Broad but extremely thin -- beginners only
If you know absolutely nothing about marketing or web commerce, this may be the book for you. It touches on a great many important subjects, and provides a useful -- if brief -- introduction to each.
If, on the other hand, you have ANY experience at all with basic marketing principles and the concepts and techniques behind optimizing your web site to maximize customer response, you will find this book quite tedious.
Simply put, nothing in this book gets more than surface treatment. Hundreds of very valuable concepts are introduced but none is ever fleshed out in a useful fashion. Practical examples are almost non-existent. Case studies are not used. Techniques are described in the broadest terms so that they may apply to any of a million different contexts or scenarios. This approach renders the book nearly useless to anyone who has even a little bit of knowledge in this area.
After reading a few chapters, I was simply bored out of my mind. I switched to scanning sections and dropping in periodically to see if the level of detail increased, but it did not. I do not consider myself an expert by any means, but there was nothing here that I found enlightening or even useful. It's all too bland and general.
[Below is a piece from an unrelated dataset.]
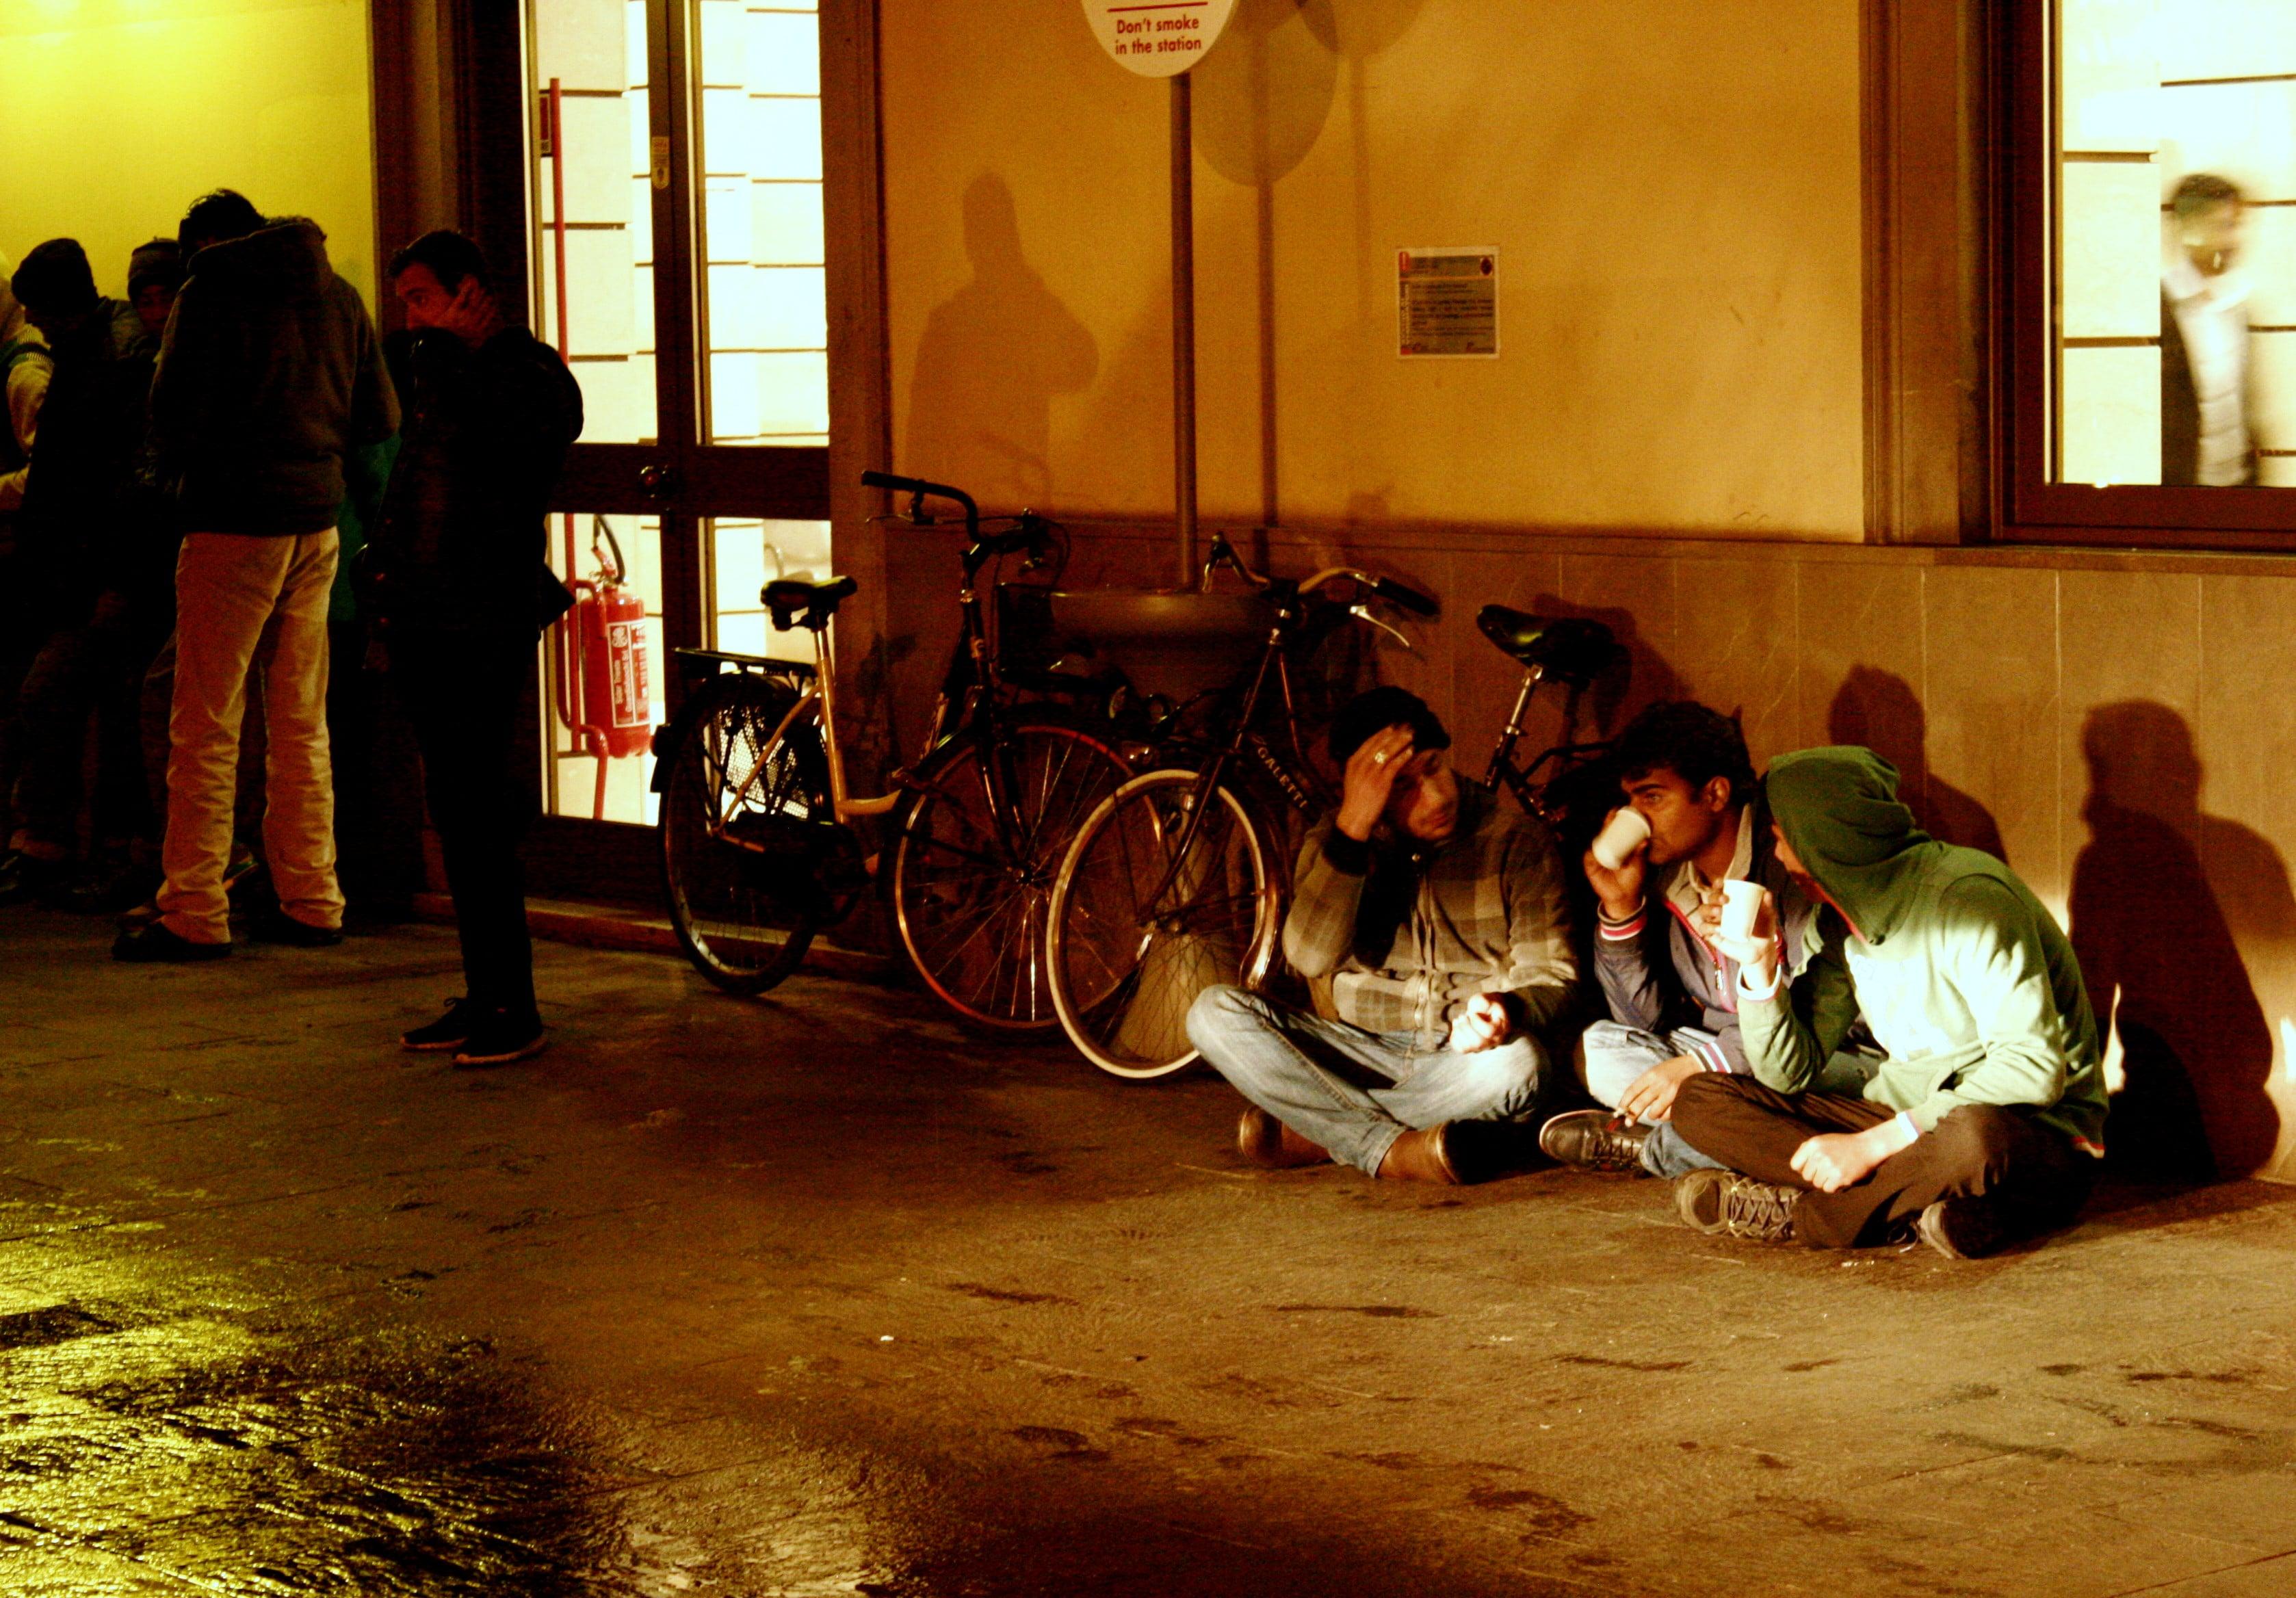 Migranti stazione di Udine 1
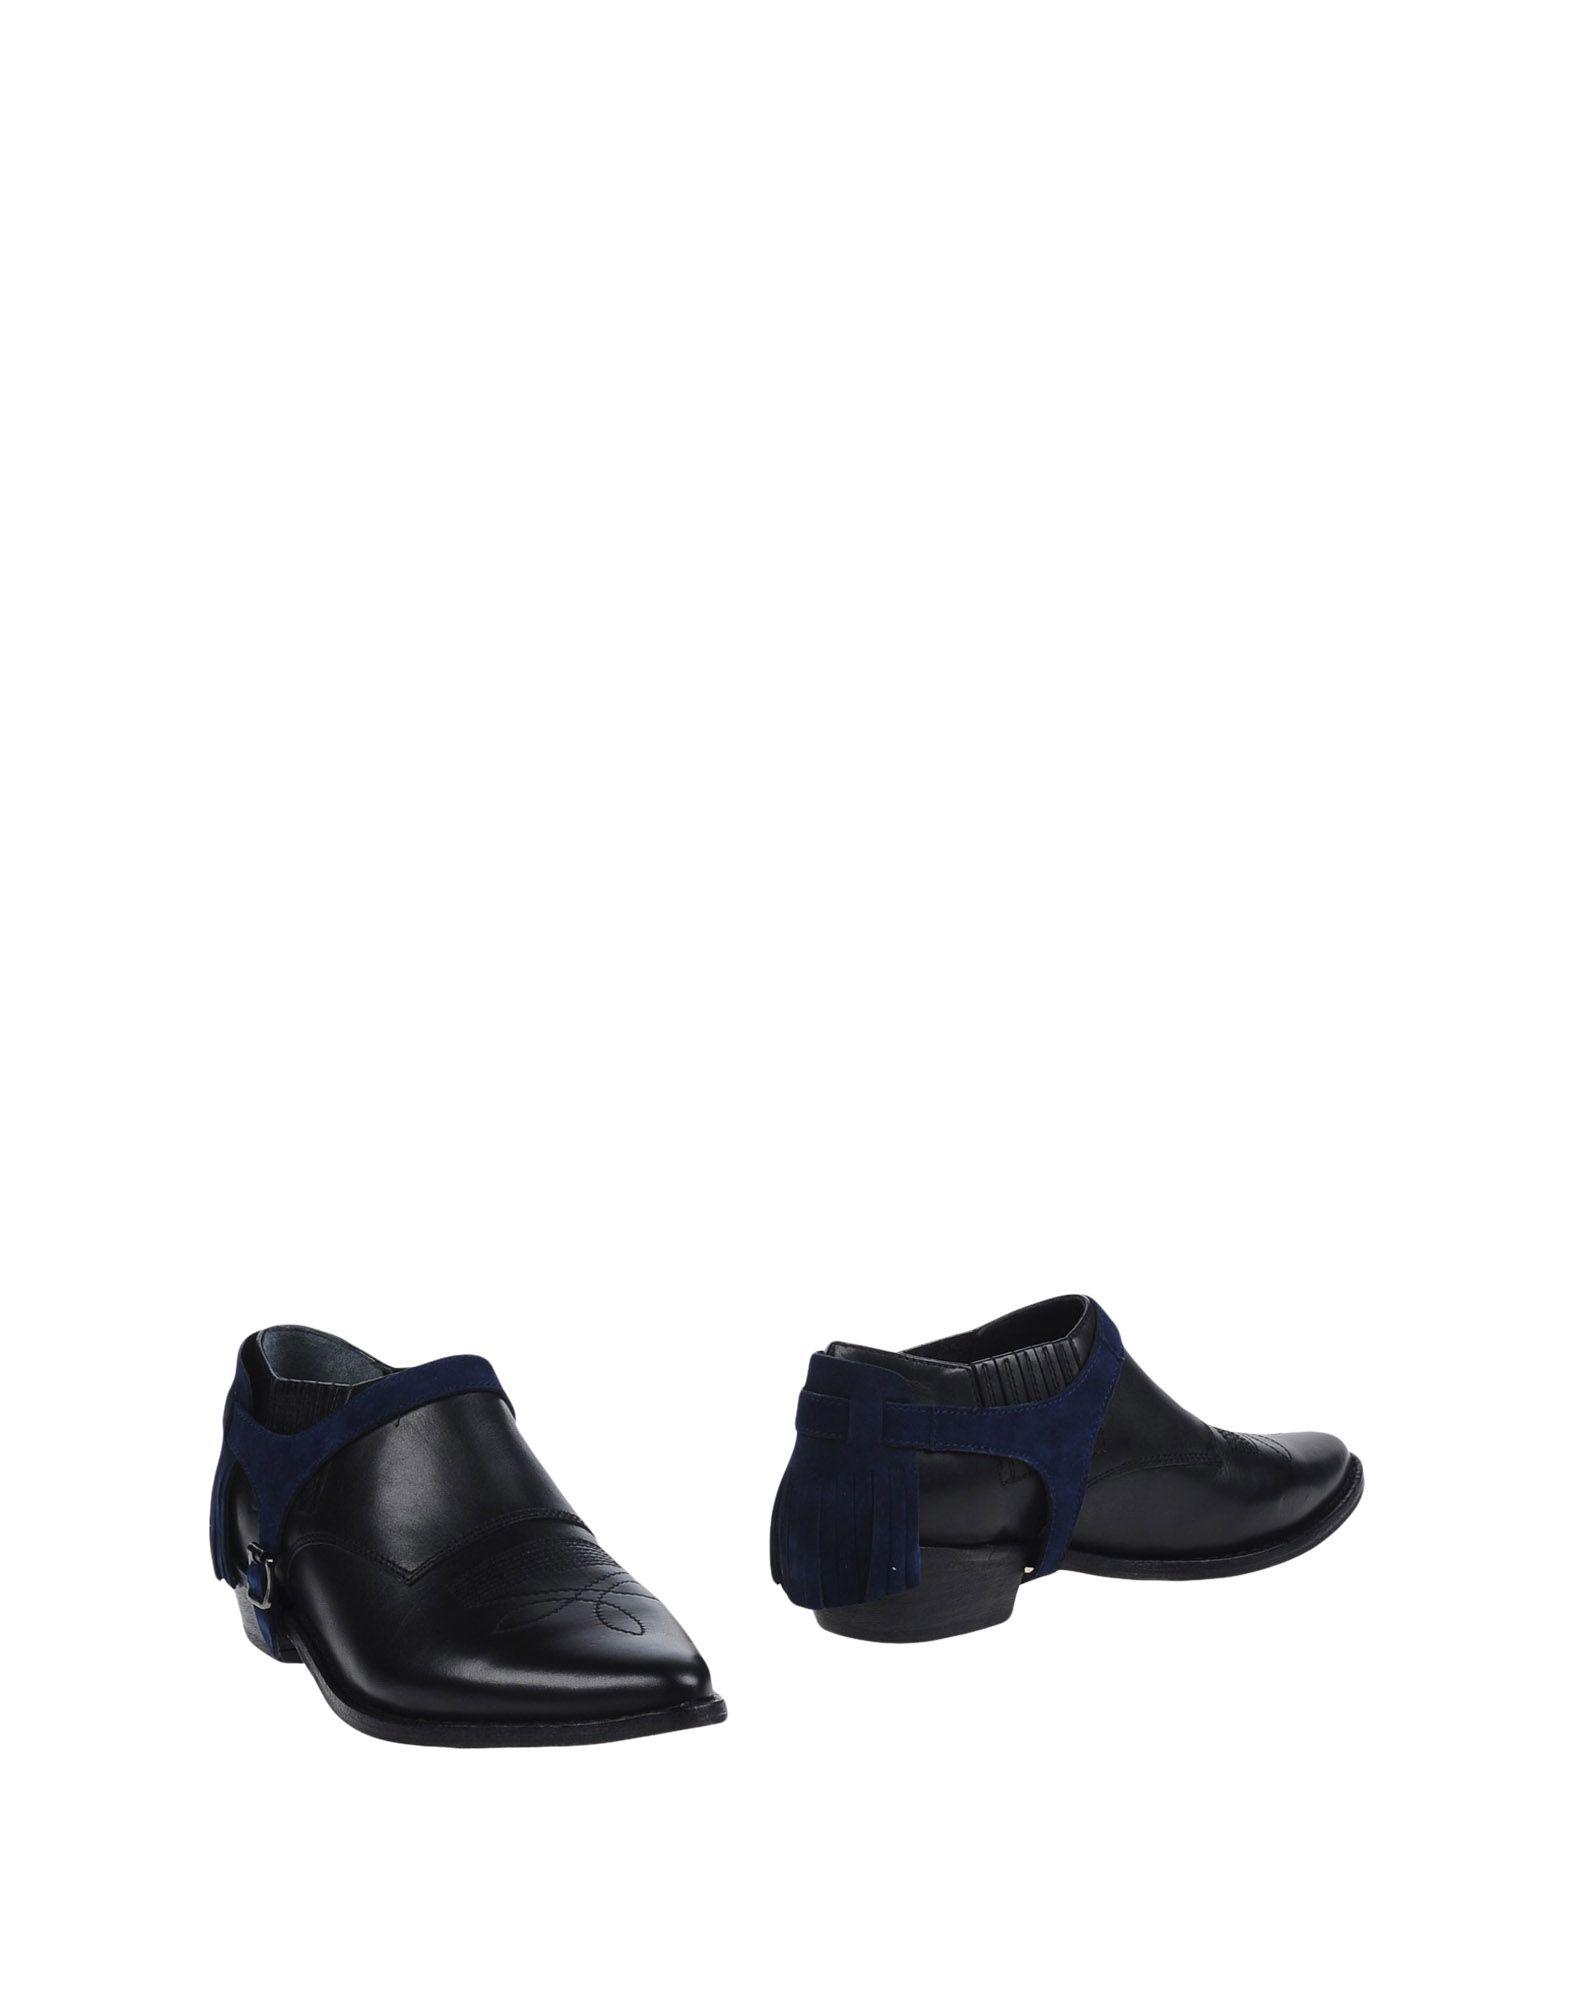 MR. WOLF Ботинки цены онлайн

I started the web site for my small business about five years ago, and constantly seek out new sources of insight into how I can improve it. The information in this book was just too generalized to be of any use.
If you are new to web marketing, use this as a primer, but you will soon be itching for a more practical resource. A shorter but infinitely more helpful (and entertaining) primer might be something like Don't Make Me Think: A Common Sense Approach to Web Usability, 2nd Edition. From there, you will need individual books on things like analytics, keywords, SEO, pricing, copywriting, etc.
In that vein, I thought I was buying a book about optimizing my landing pages (a very big and complex subject all its own). This book touches on that, but not in a way that I found particularly detailed or useful. A better title for this book might be, "Introduction to Marketing (Web Edition)".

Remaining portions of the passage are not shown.